We use a local model once again, Mistral-Small-3.2-24B-Instruct-2506-IQ4_XS. This model is rather large compared to what we used previously, so I cannot use a lot of context on my 16 GB GPU VRAM, but I managed to squeeze 24000 token by quantizing the KV cache with the options --cache-type-k q8_0 and --cache-type-v q8_0 for the llama-server of llama.cpp. Mistral-Small-3.2-24B-Instruct-2506-IQ4_XS works better here than Qwen-2.5-coder-7b-instruct-Q8_0 that we had used previously to great success. The smaller Qwen model can also handle this task, but it tends to miss tags that are applicable, while Mistral finds more tags that match the post. Even so, we combine three Mistral calls to get more tags per post.

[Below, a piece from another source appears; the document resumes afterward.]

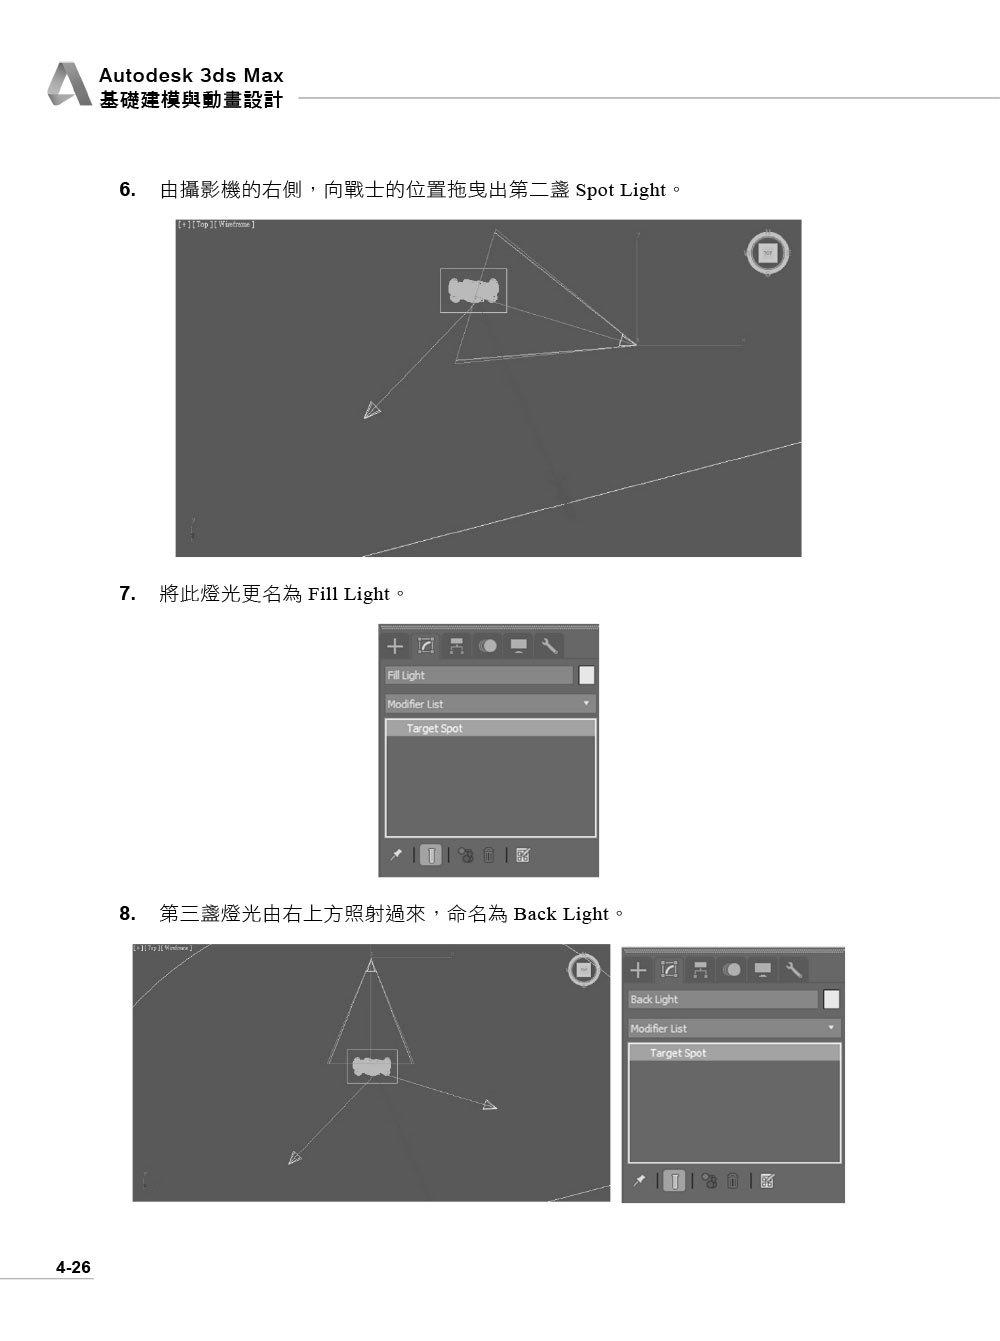 Autodesk 3ds Max 基礎建模與動畫設計 (含3ds Max 2016~2018認證模擬與解題)-preview-6

We save the tags as JSON in a file that Quarto (the software that generates this blog) can include to generate the categories for the posts shown on the website. If you want to see how that works, go to the git repository of this blog and look into the file preprocess.py.
Since generating the tags takes a few seconds per post, we only process new posts. In order to re-tag an old post, it has to be deleted from the file.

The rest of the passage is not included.